_ACTIVITY_
If an entry holds a picture, leave the picture out and copy the rest exactly.

_MATERIAL FOR THIS EXERCISE_
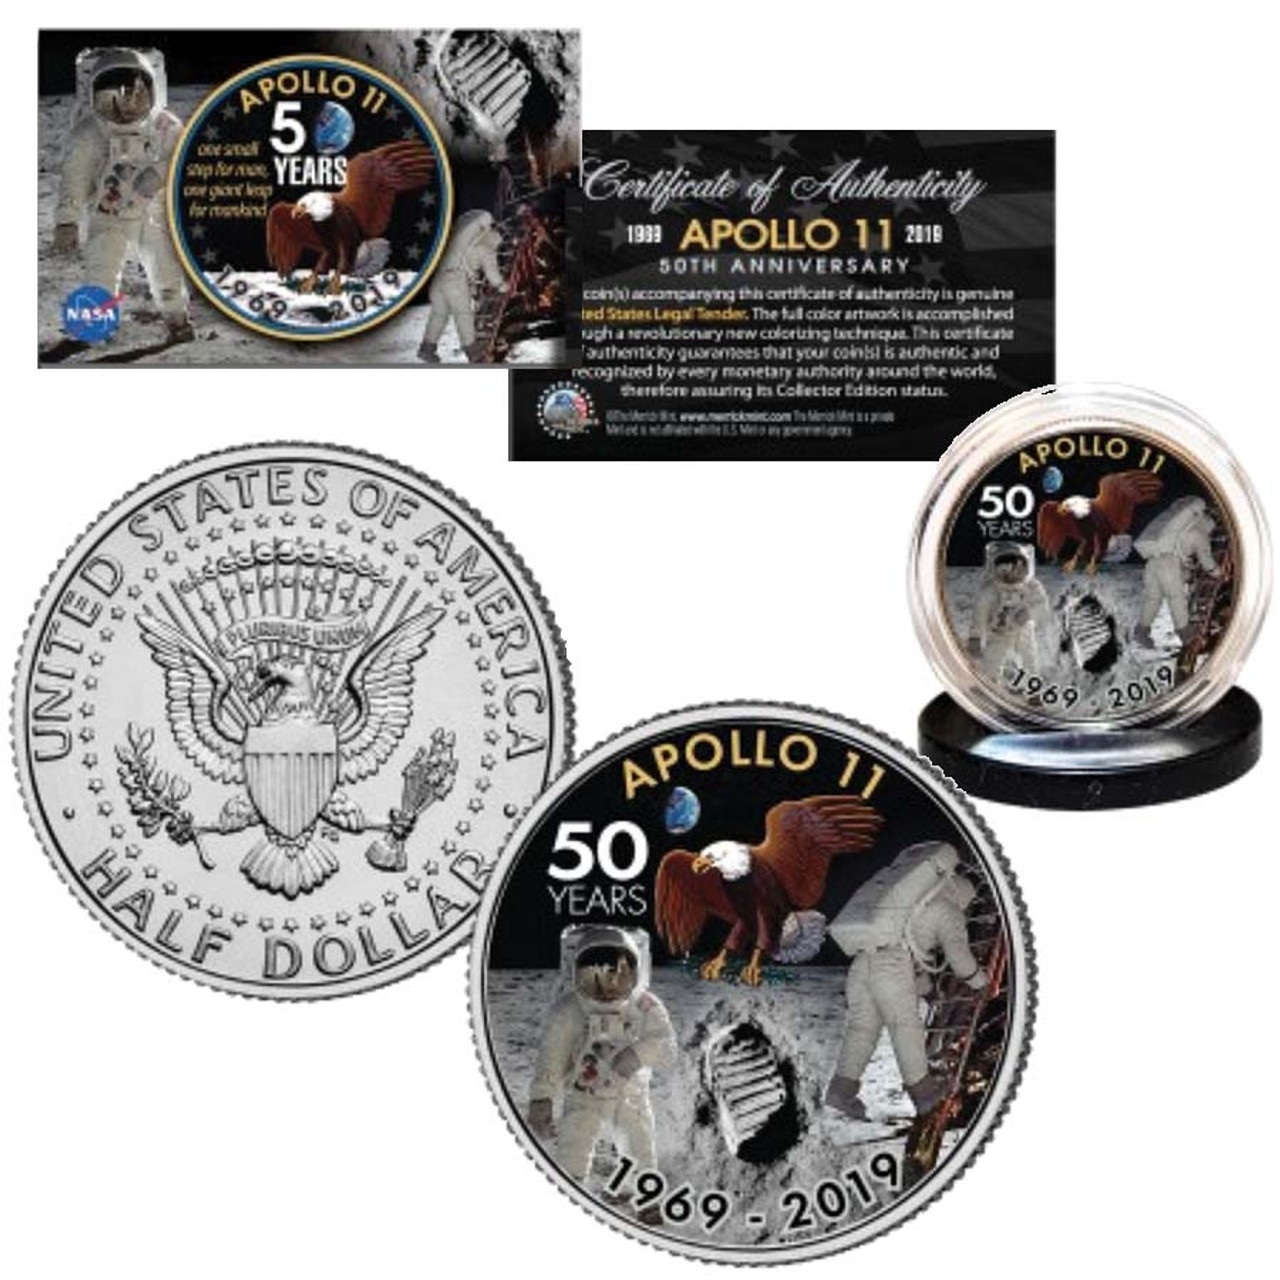 Apollo 11 50th Anniversary Colorized Kennedy Half Dollar Image 1
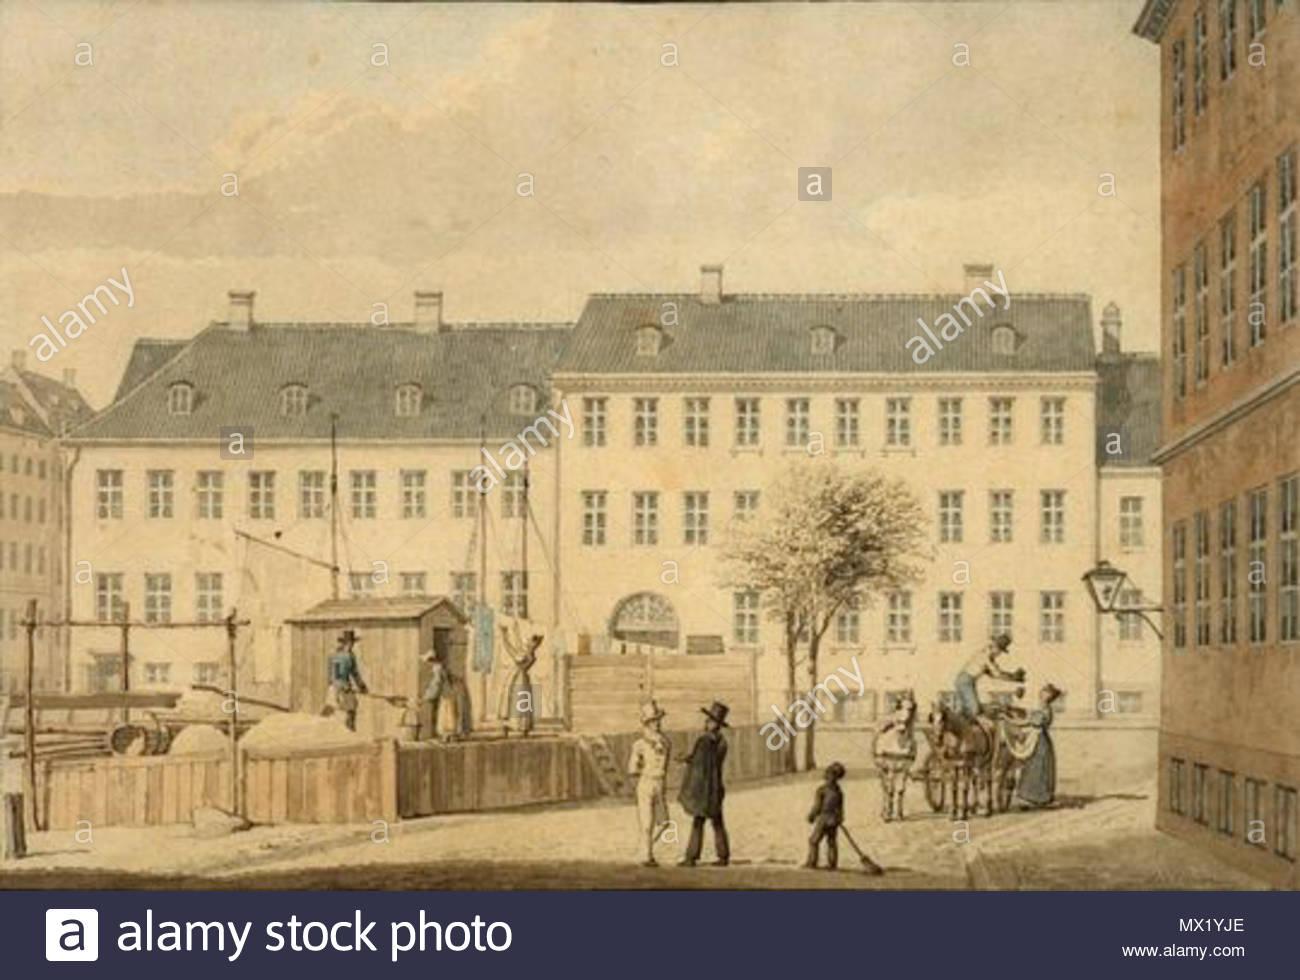 . Sandkiste (sand deposit?) - at Frederiksholms Kanal in Copenhagen, Denmark . 1835. G. F. Holm 263 H. G. F. Holm - Frederiksholms Kanal, 1835 - Stock Image
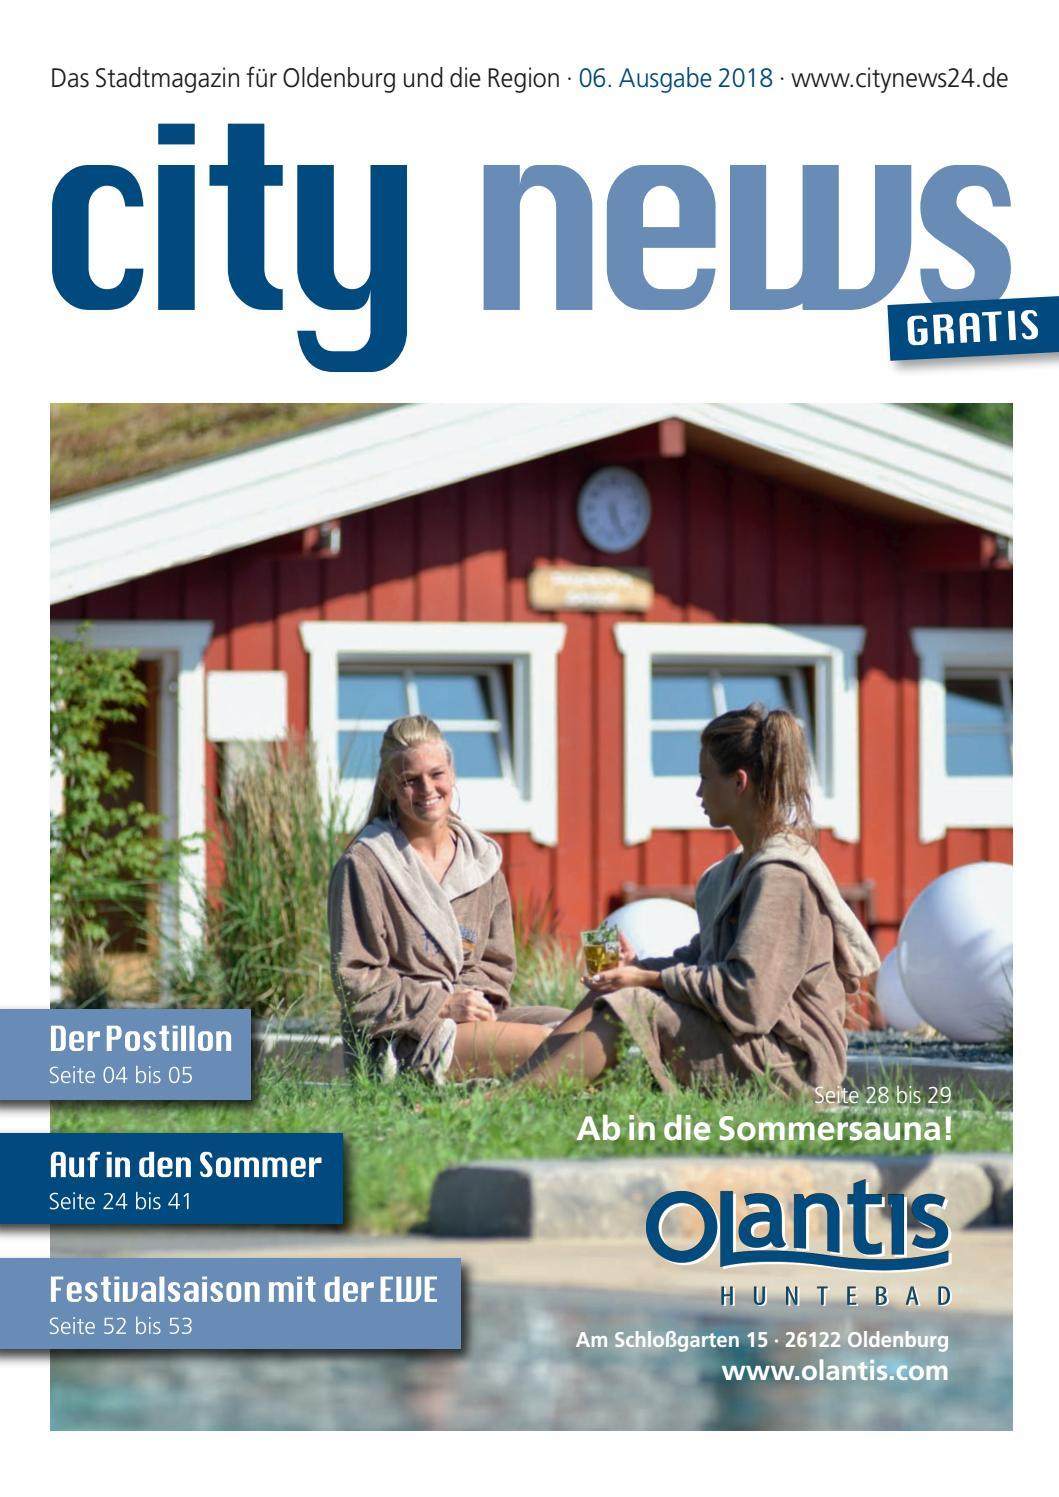 City News Oldenburg 6te Ausgabe 2018 By Citynews Oldenburg
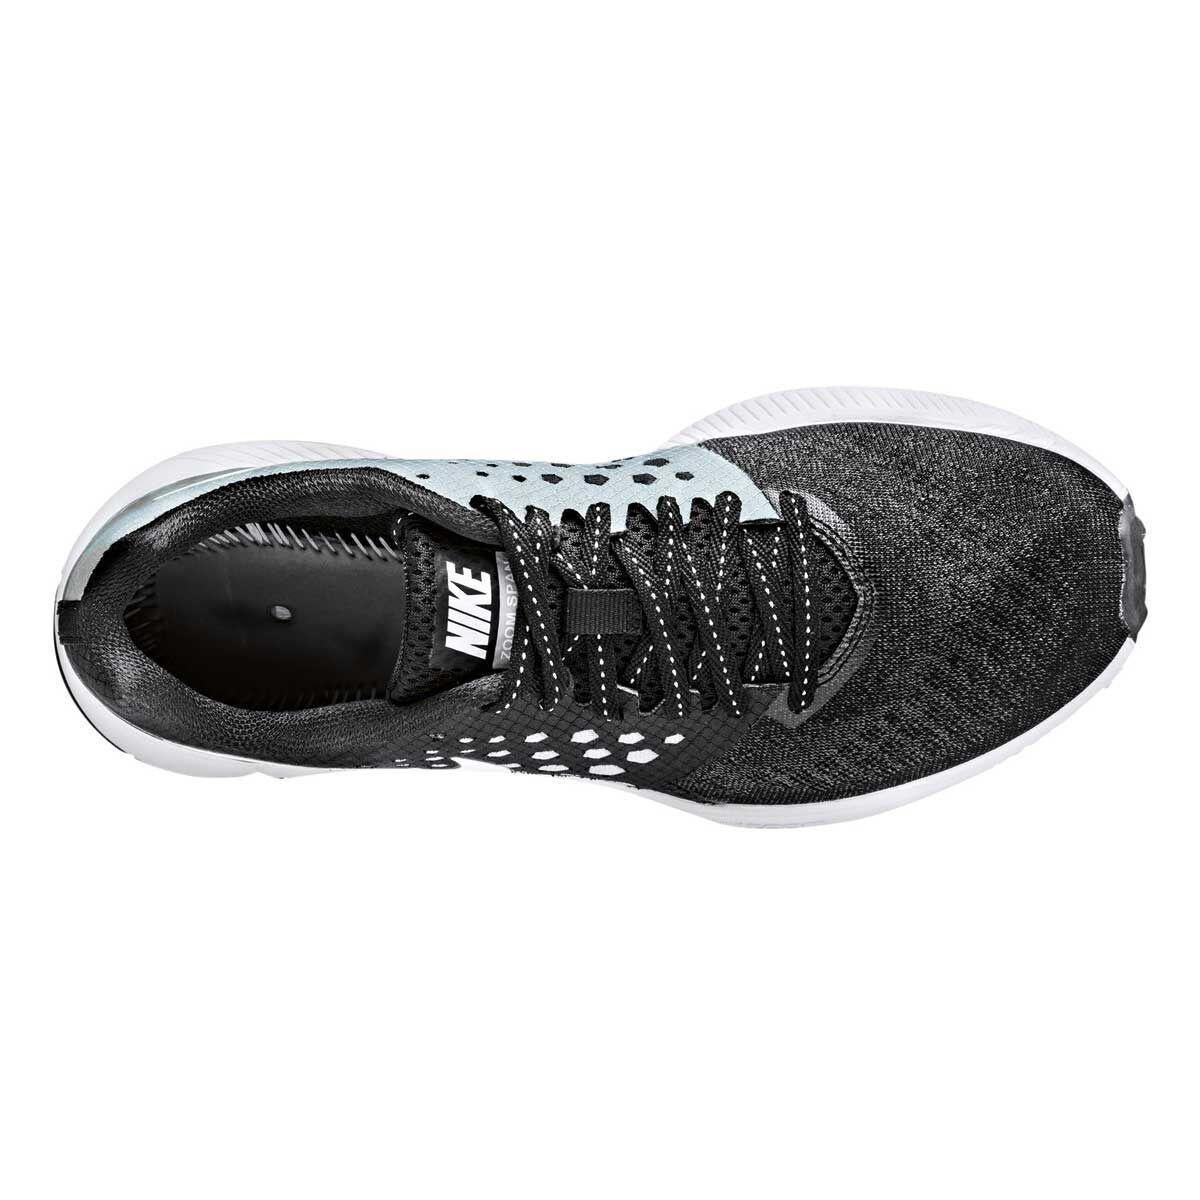 nike air zoom a donne scarpe da corsa nero / bianco 6 rebel sport
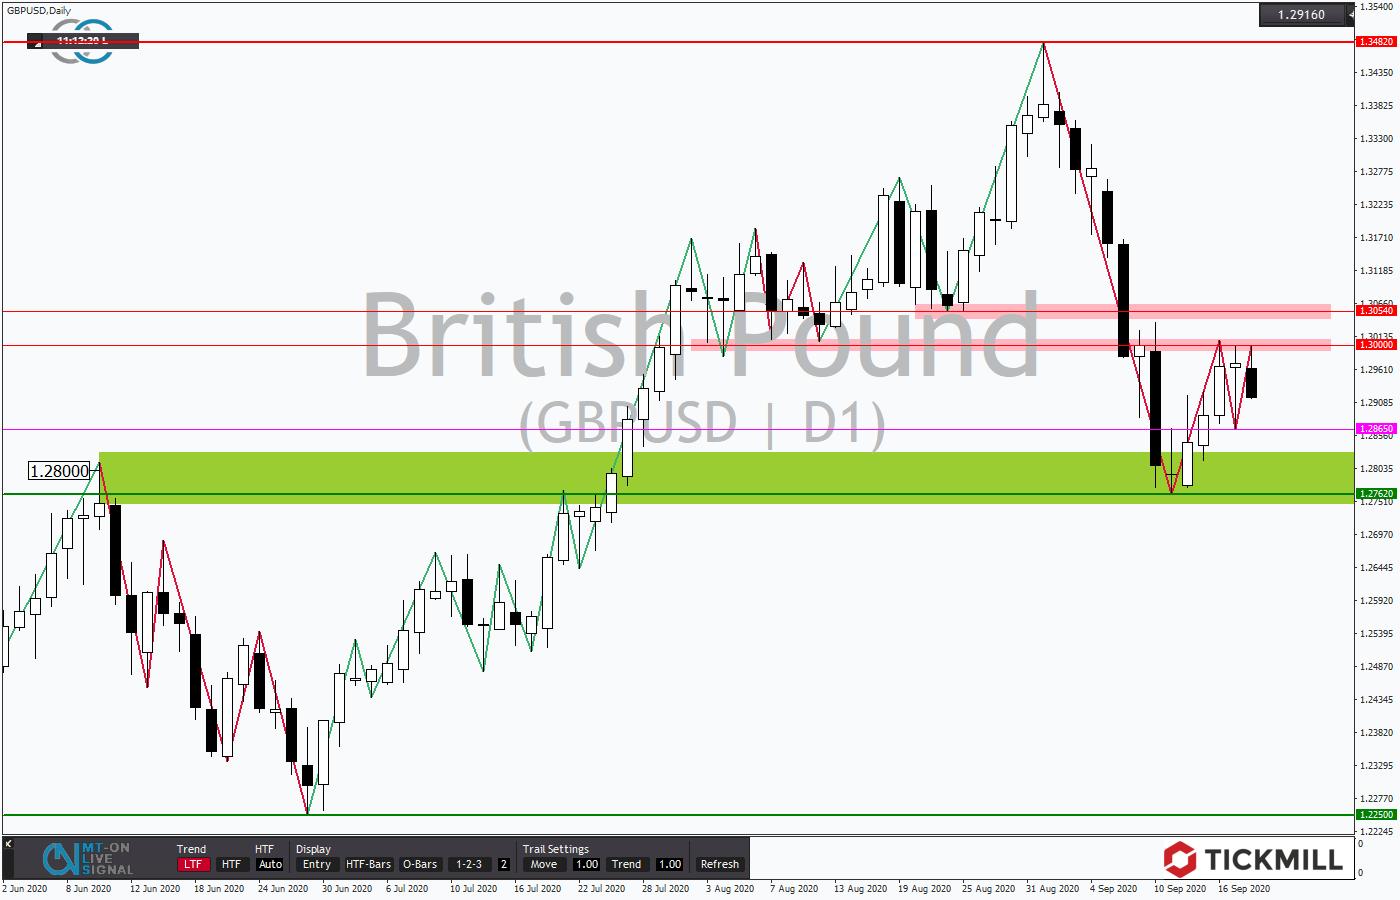 Tickmill-Analyse: Korrektur des GBPUSD im Tageschart

_EXERCISE RESPONSE_
 Apollo 11 50th Anniversary Colorized Kennedy Half Dollar Image 1
 . Sandkiste (sand deposit?) - at Frederiksholms Kanal in Copenhagen, Denmark . 1835. G. F. Holm 263 H. G. F. Holm - Frederiksholms Kanal, 1835 - Stock Image
 City News Oldenburg 6te Ausgabe 2018 By Citynews Oldenburg
 nike air zoom a donne scarpe da corsa nero / bianco 6 rebel sport
 Tickmill-Analyse: Korrektur des GBPUSD im Tageschart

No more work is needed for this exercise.